[Try it]: Word for word, transcribe the lines below and drop the pictures.

[Recorded information]:
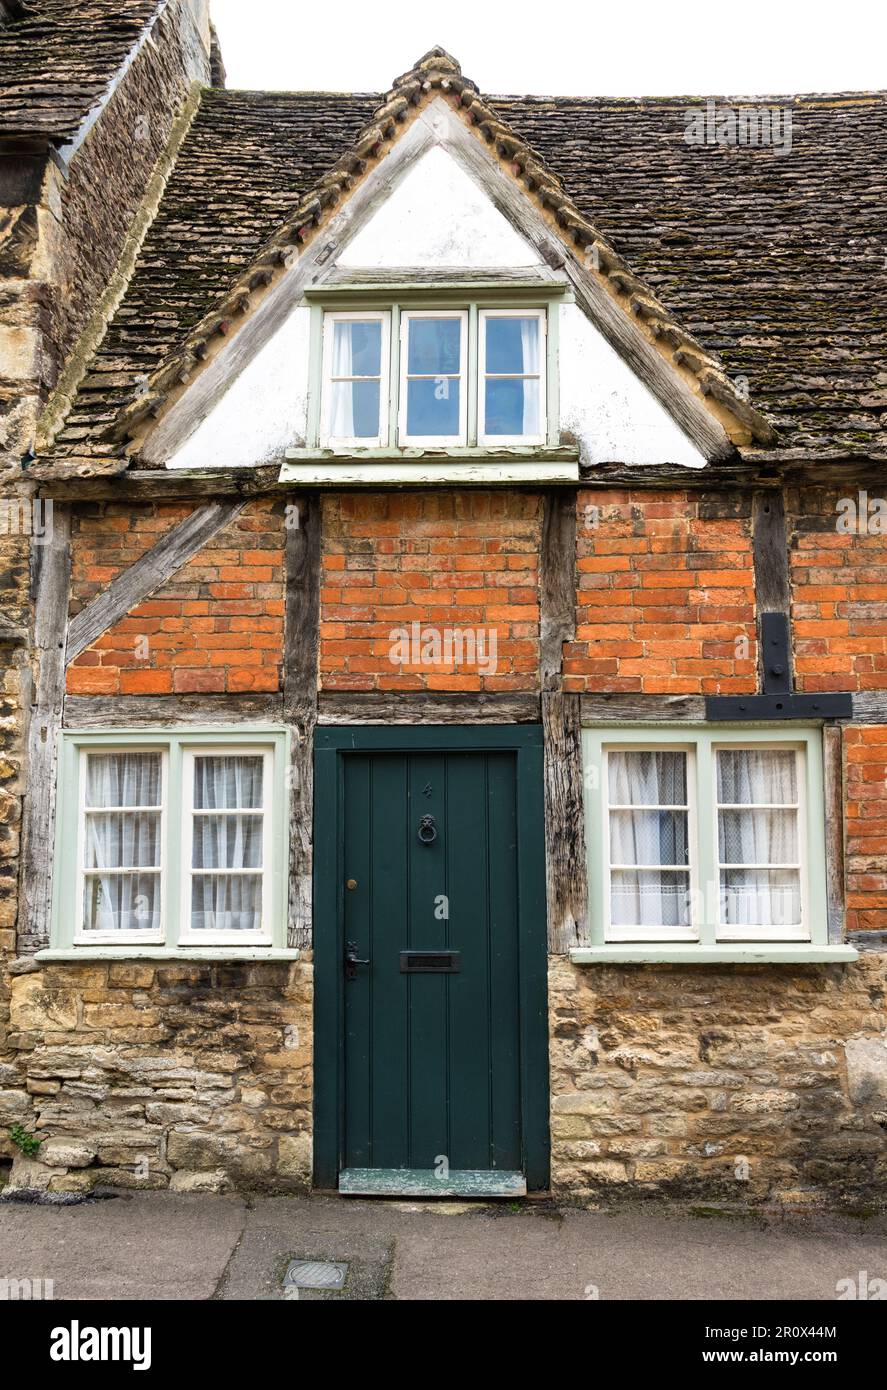 Un cottage traditionnel dans le village de Lacock, Wiltshire, Angleterre Banque D'Images
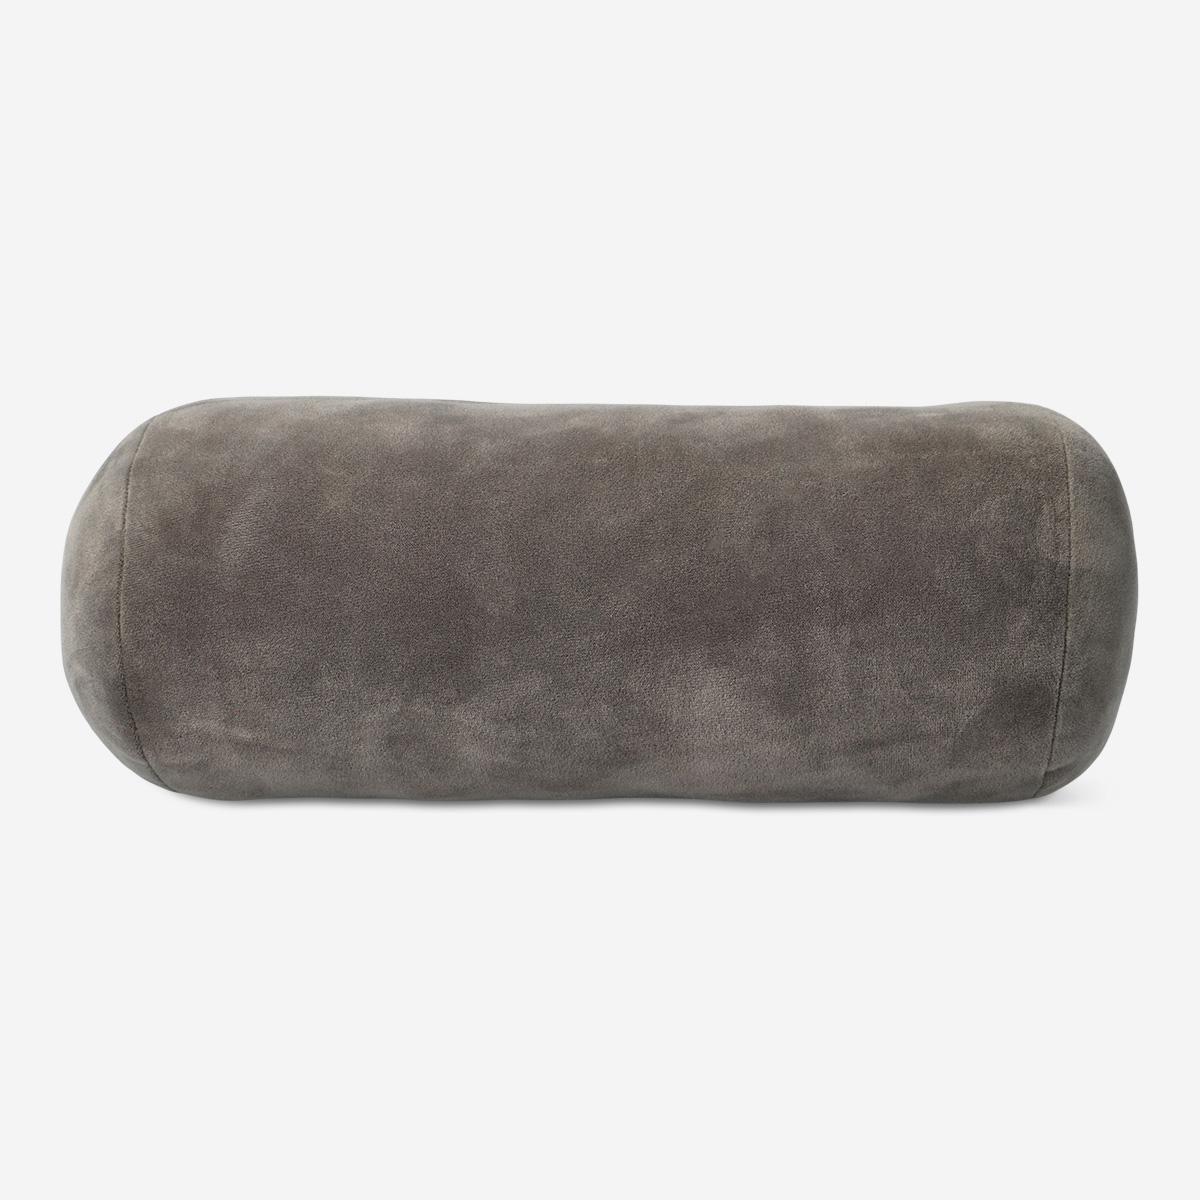 Grey cushion
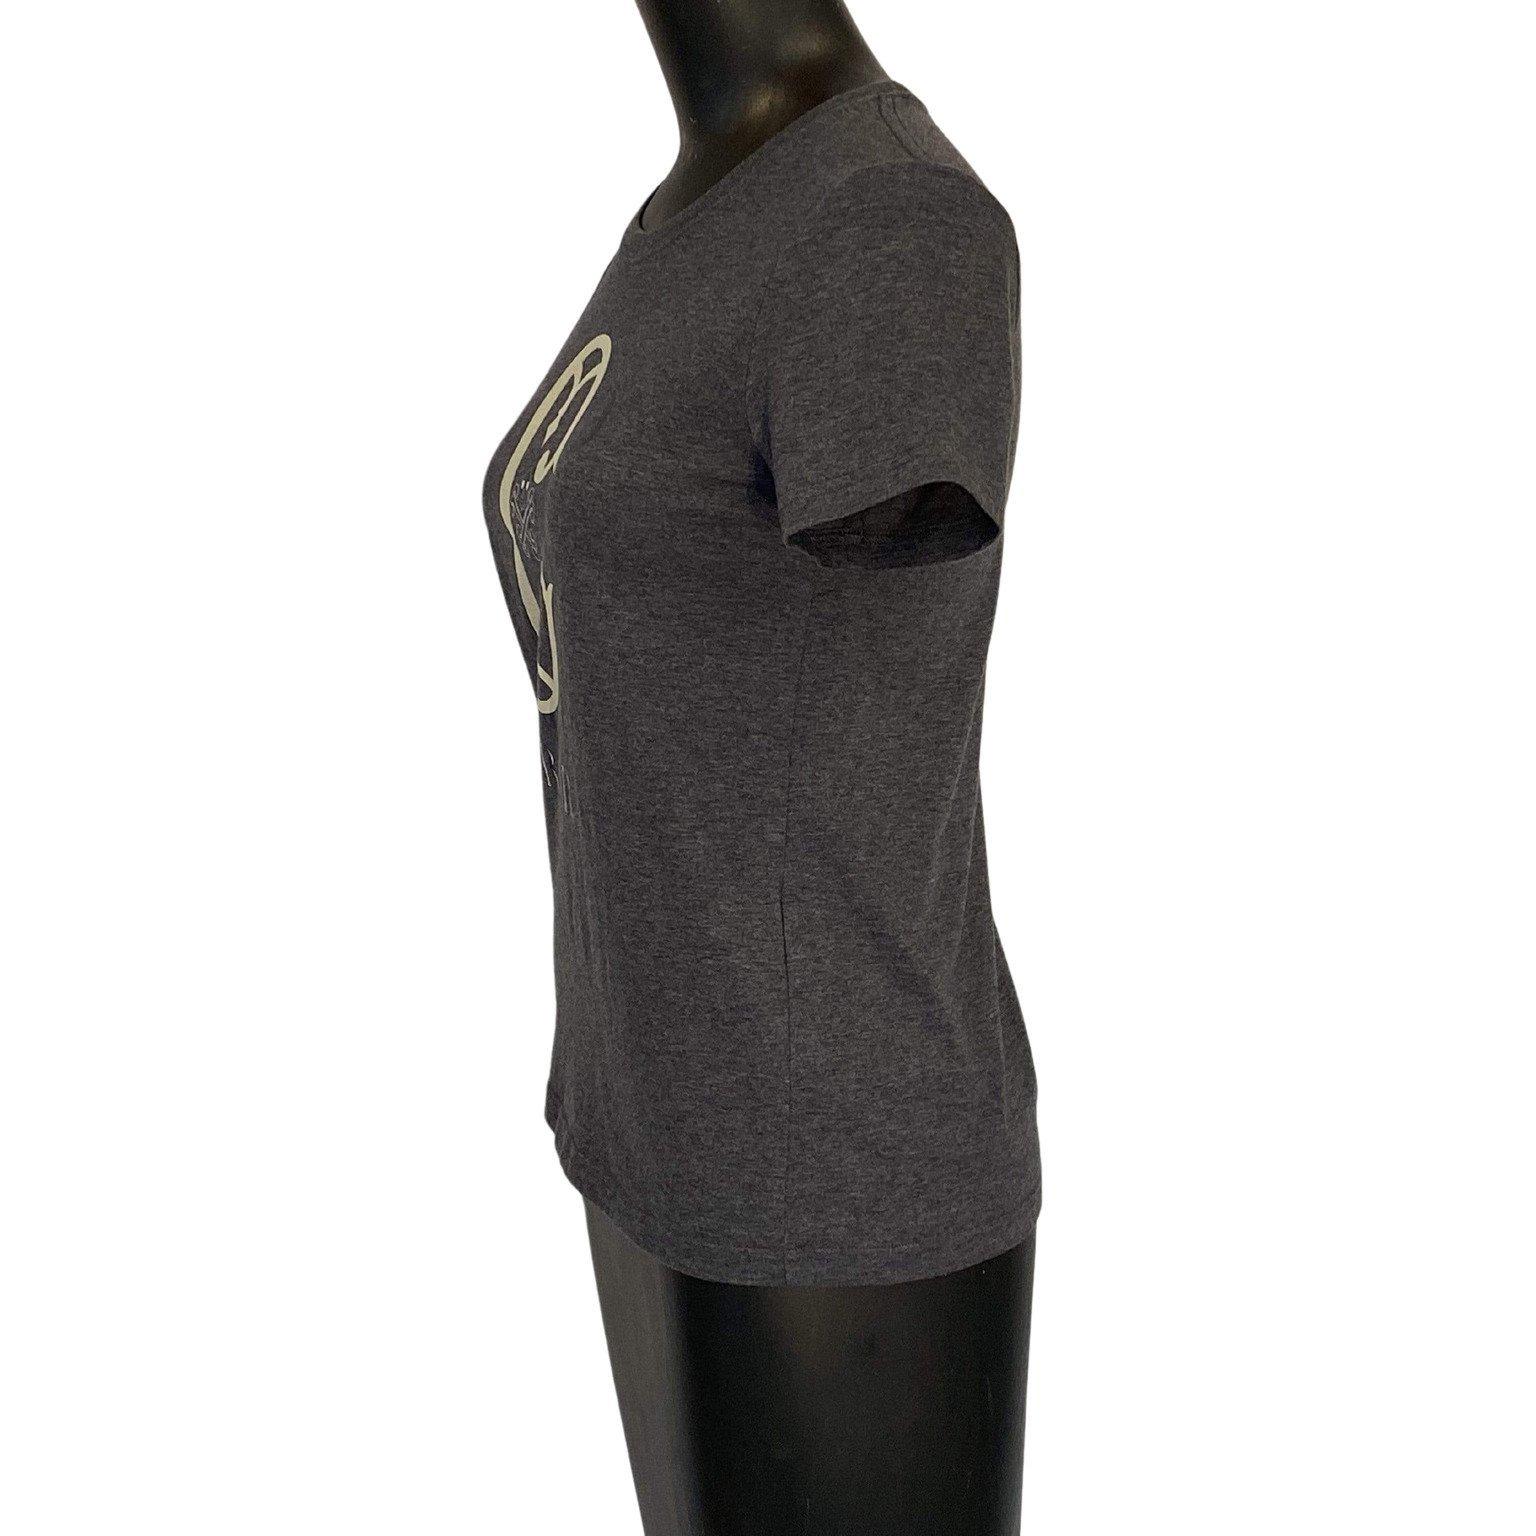 Top vintage Undercover semi-ajusté 100% coton. Ce tee-shirt basique gris anthracite porte le logo

[Answer box]:
 Un cottage traditionnel dans le village de Lacock, Wiltshire, Angleterre Banque D'Images
 Grey cushion
 Top vintage Undercover semi-ajusté 100% coton. Ce tee-shirt basique gris anthracite porte le logo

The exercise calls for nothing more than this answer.